Guitar Techniques: New Directions

Sevenths! Sixths! Minor sixths! Your life is about to change. Forever…

We’ve got a real finger-twister of a chord progression for you in this feature, using extended jazz chords. The basic formula for a chord, of course, is root, third and fifth – but chords in jazz are very often ‘extended’ to include additional notes such as the seventh and ninth.

The progression we’re going to use this month is a variation on the standard progression of I, IV, IVm – that is, A, D and Dm in the key of A major. The technique we’re working on is co-ordinating the four fretting-hand fingers in a chord progression, in which each chord requires the use of all four fingers – and not only that, but each chord change requires a complete rearrangement of the shape from one chord to the next. Don’t be scared…

1: Amaj7, Amaj6, Dmaj7, Dmin6




4/4 Time
Now concentrate, because it’s chord formula time. The formula for Amaj7, our first chord, is root, major third, fifth and major seventh – that’s A, C#, E and G# respectively (although the notes don’t have to appear in this order).

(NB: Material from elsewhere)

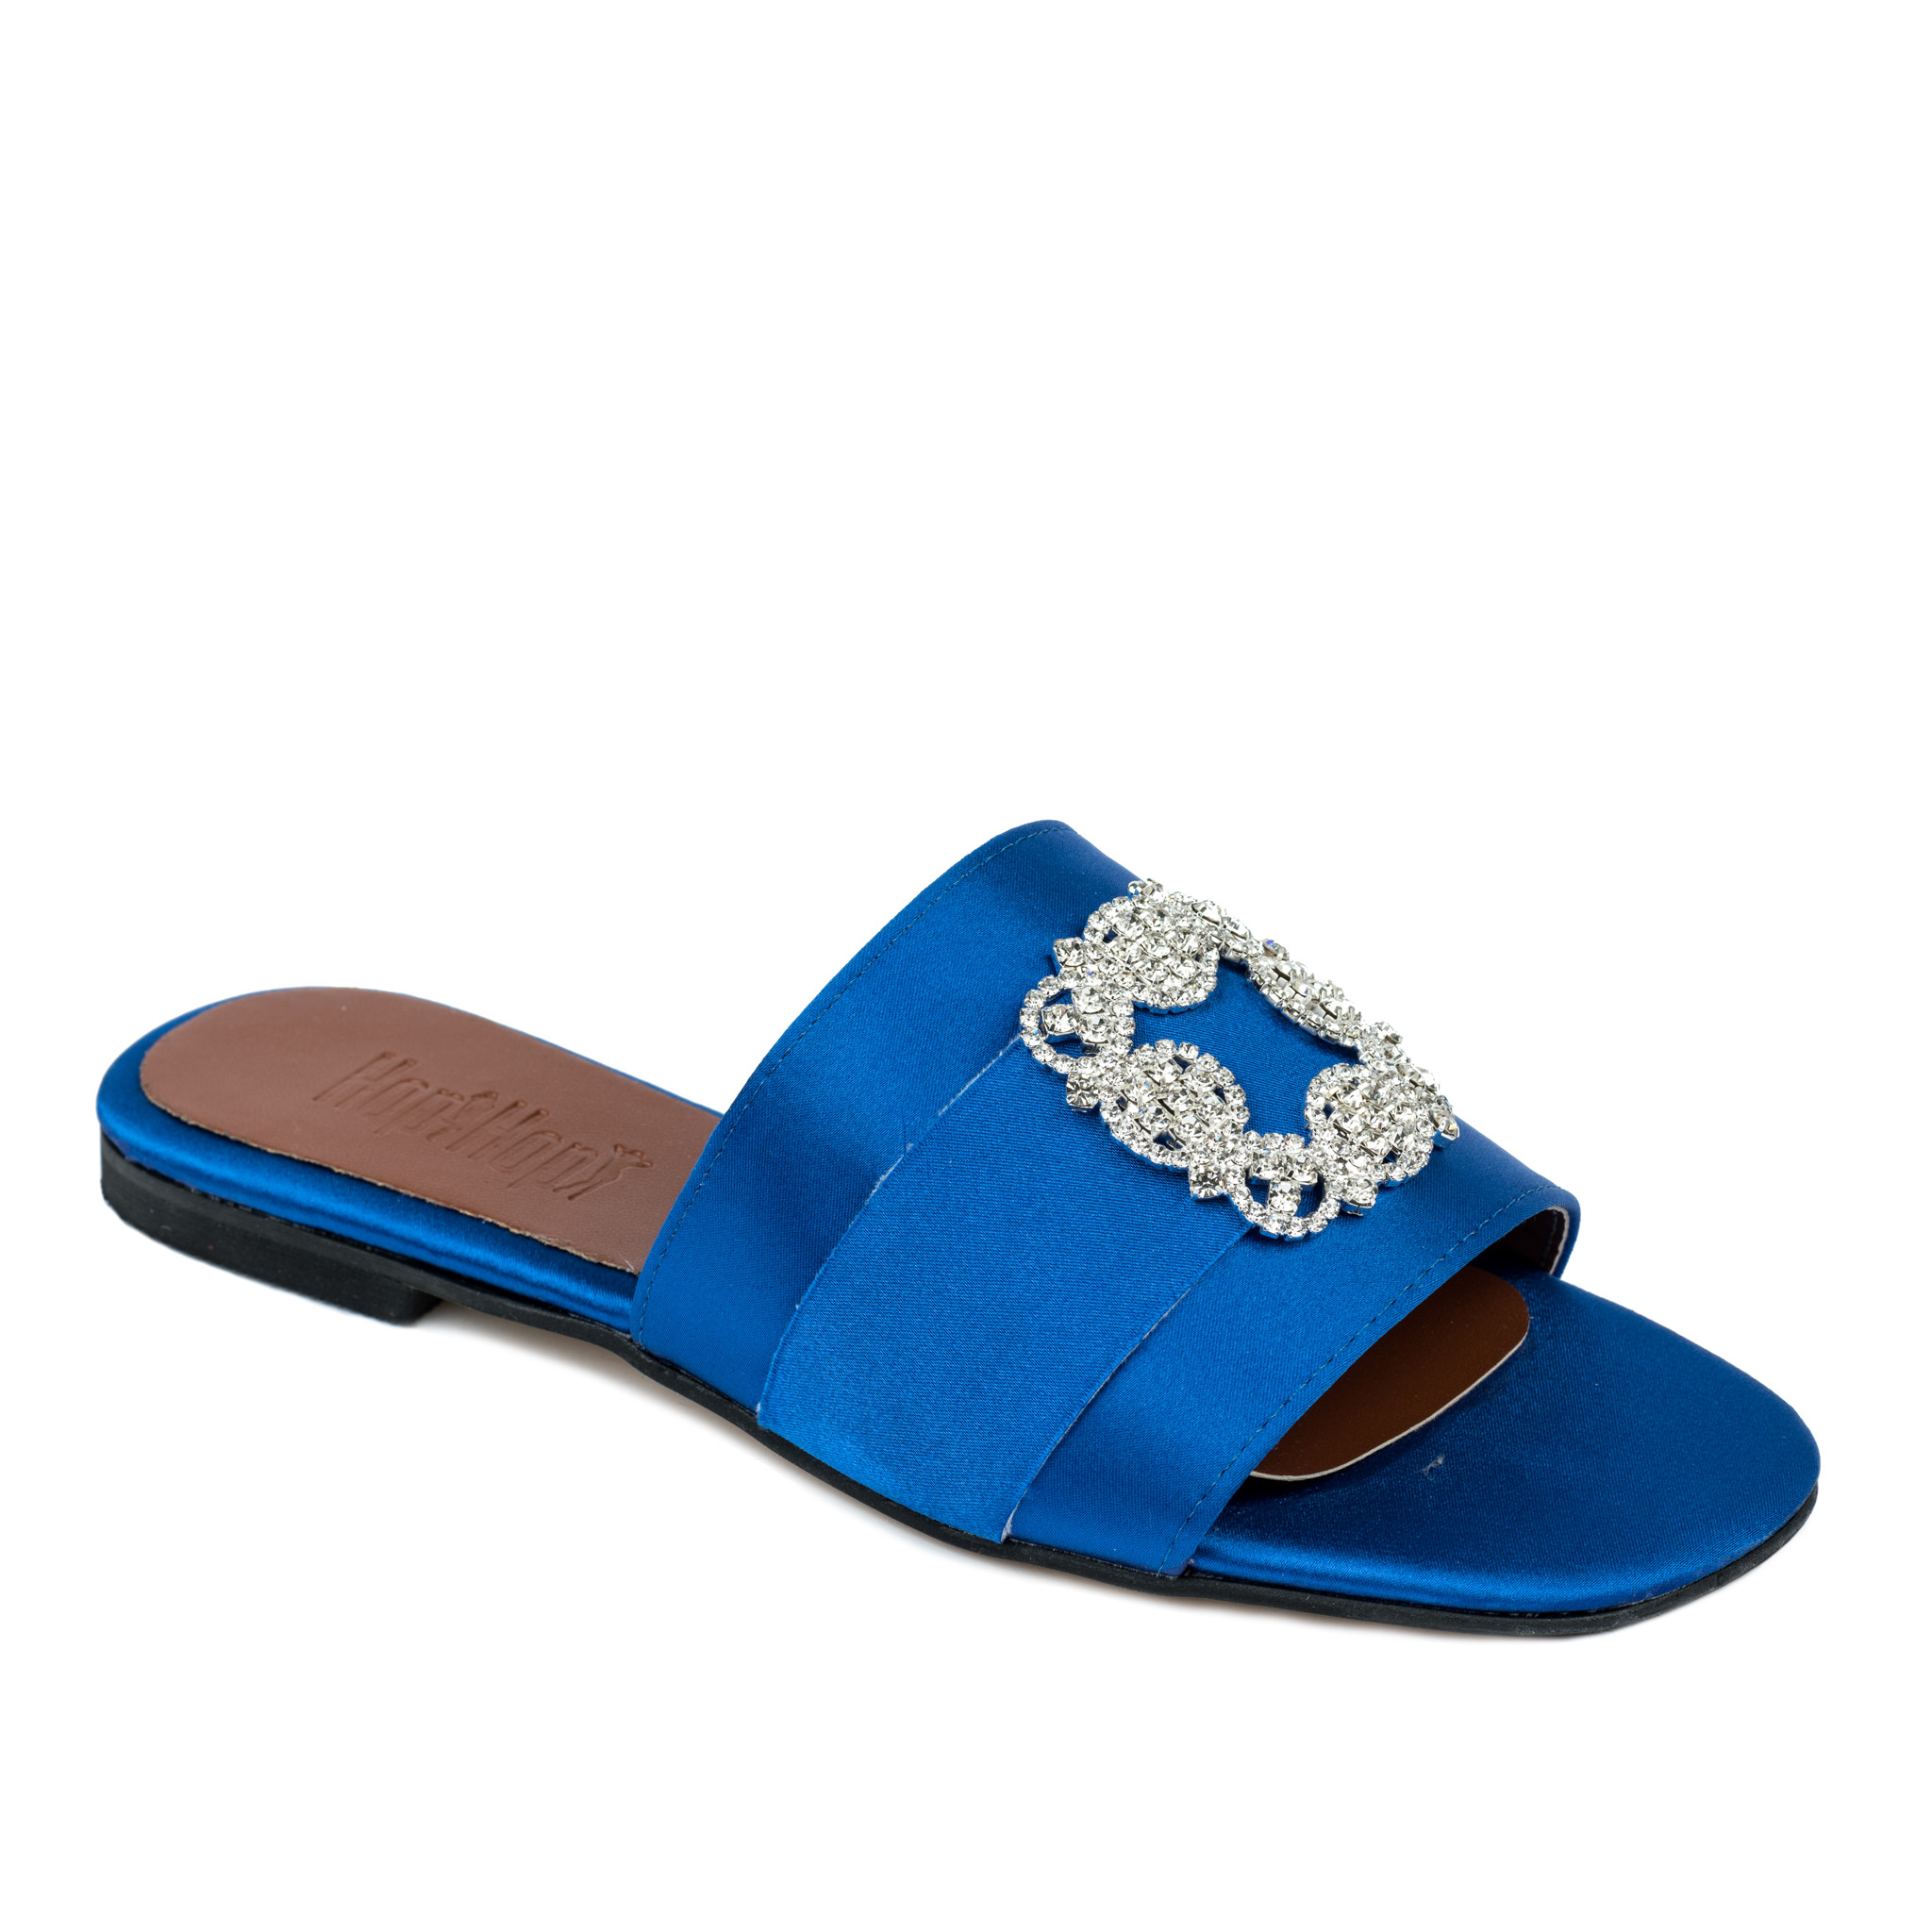 Women Slippers and Mules A438 - BLUE
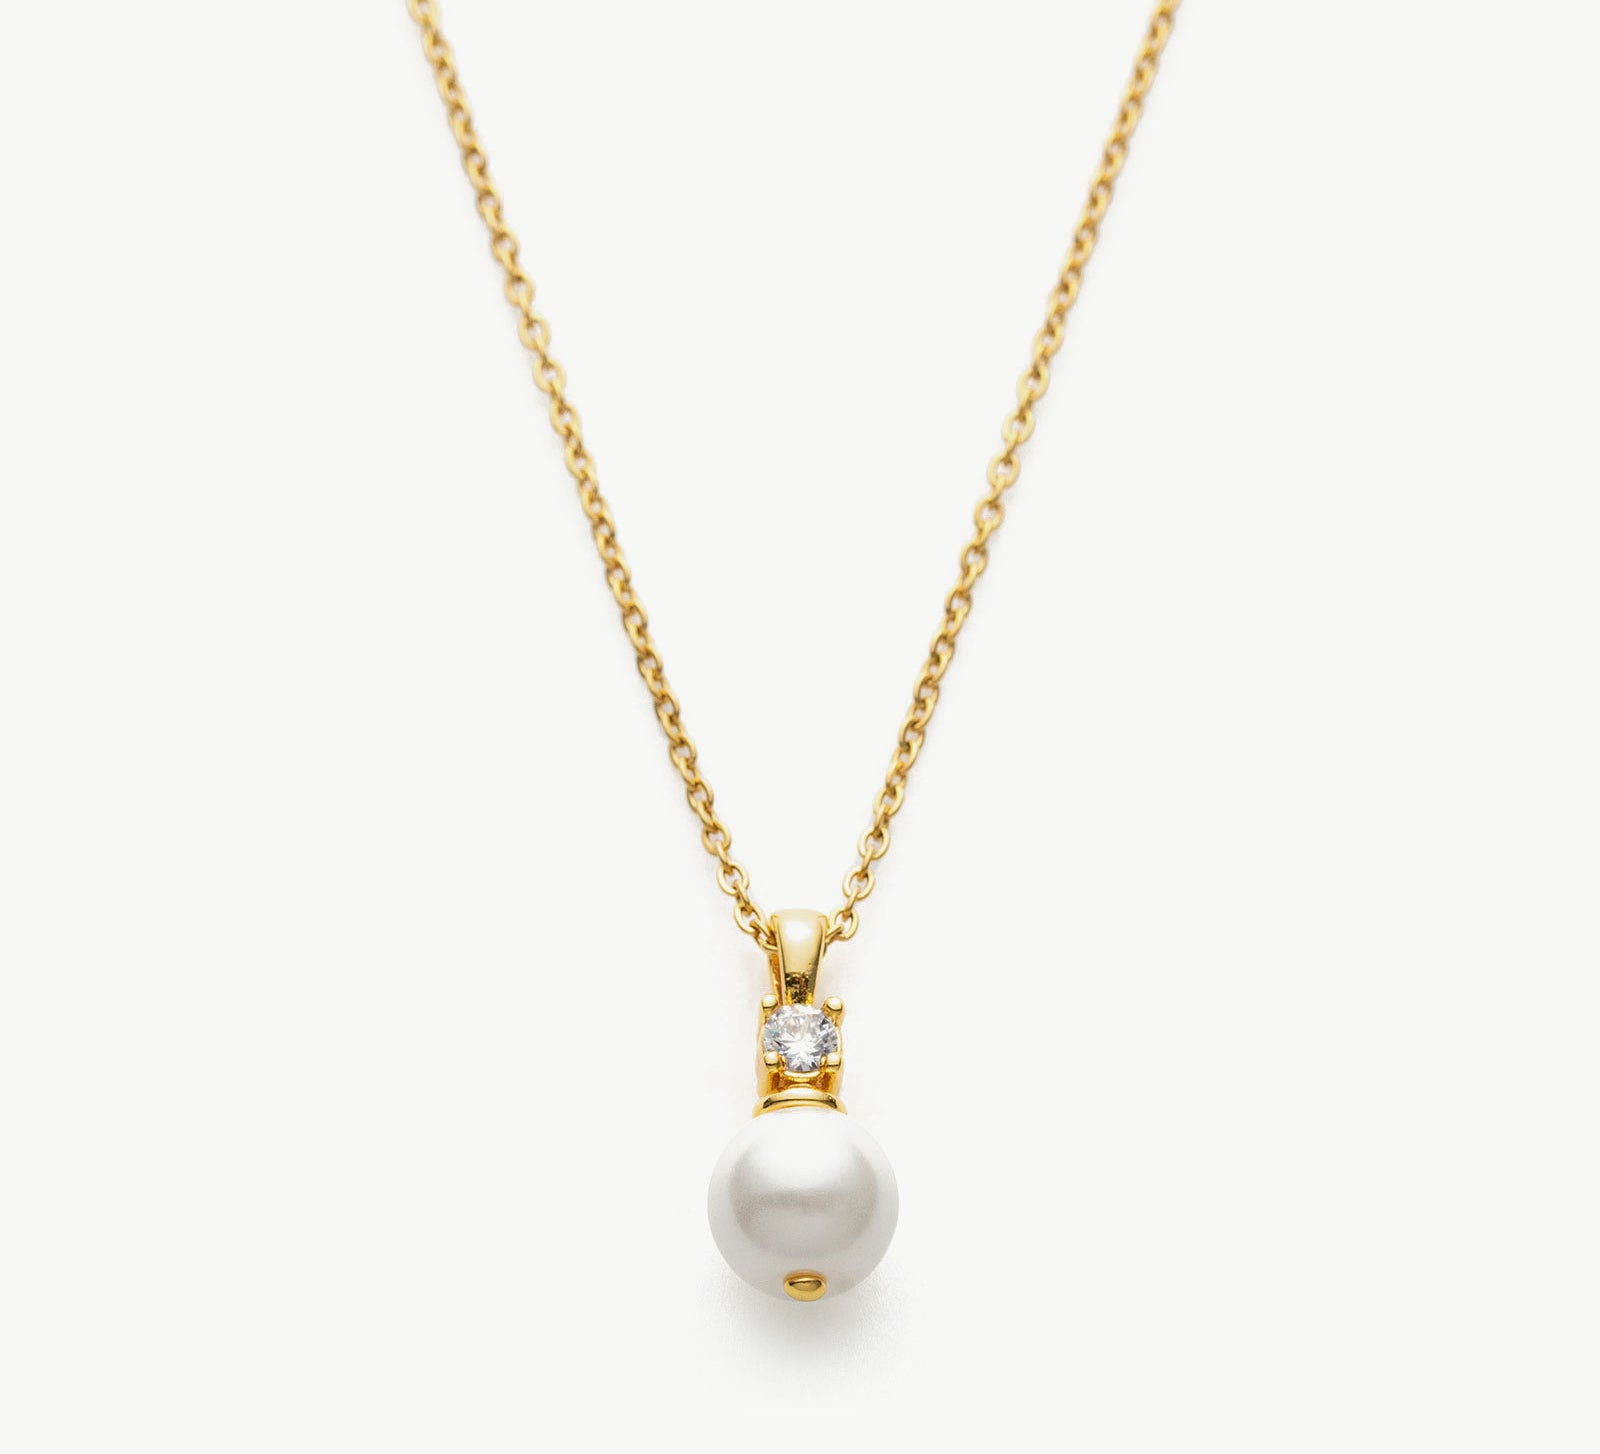 Pearl Drop Pendant Necklace in Gold, showcasing a timeless gold pendant with a lustrous pearl, adding a touch of elegance and sophistication to your neckline.

The formula for the second, Amaj6, is root, major third, fifth and major sixth – in this case A, C#, E and F#. The formula for Dmaj7 is root, major third, fifth and major seventh – D, F#, A and C# – and for Dmin6 it’s root, flattened third, fifth and major sixth, which makes D, F#, A and B.

Note that Dmin6 contains the major sixth degree of the scale, B, on the third string at the fourth fret; Dmin b6 would include the minor scale degree of the scale Bb. Try converting Dmin6 into Dmin b6 by moving the first finger one fret lower. Also notice that Amaj6 and Dmin6 are the same fretboard shape, but simply played on different strings.

Be sure to damp the unwanted strings in each chord as shown by the ‘x’s in the chord diagrams by lightly touching the strings; just use whichever part of the fretting hand seems most convenient.

2: Chord Sequence




4/4 Time
Usually, when you change from the basic open D chord to the basic open A7, the third finger can be slid down the second string to help ‘guide’ you into place. Here, though, no ‘guide fingers’ are possible, so you’re going to have to completely rearrange your fretting-hand fingers each time.

Relax: you can do it. Strike each chord four times before changing, and – this is important – play as slowly as you like, just as long as the chord change happens in time with the strumming.

3: Two Chords Per Bar




4/4 Time
This is essentially the same progression as Exercise 1, but played in a more expressive, staccato manner with a more demanding, more frequent chord change. The dots below the chords means play them staccato, cutting each chord short by releasing the fretting-hand’s finger pressure just after you’ve struck each one, but not as far as to make the fingers actually leave the strings.

This is a common jazz guitar accompaniment technique. The chord changes occur every two beats, which makes this exercise more demanding than Exercise 2. Practise slowly, then gradually increase the tempo.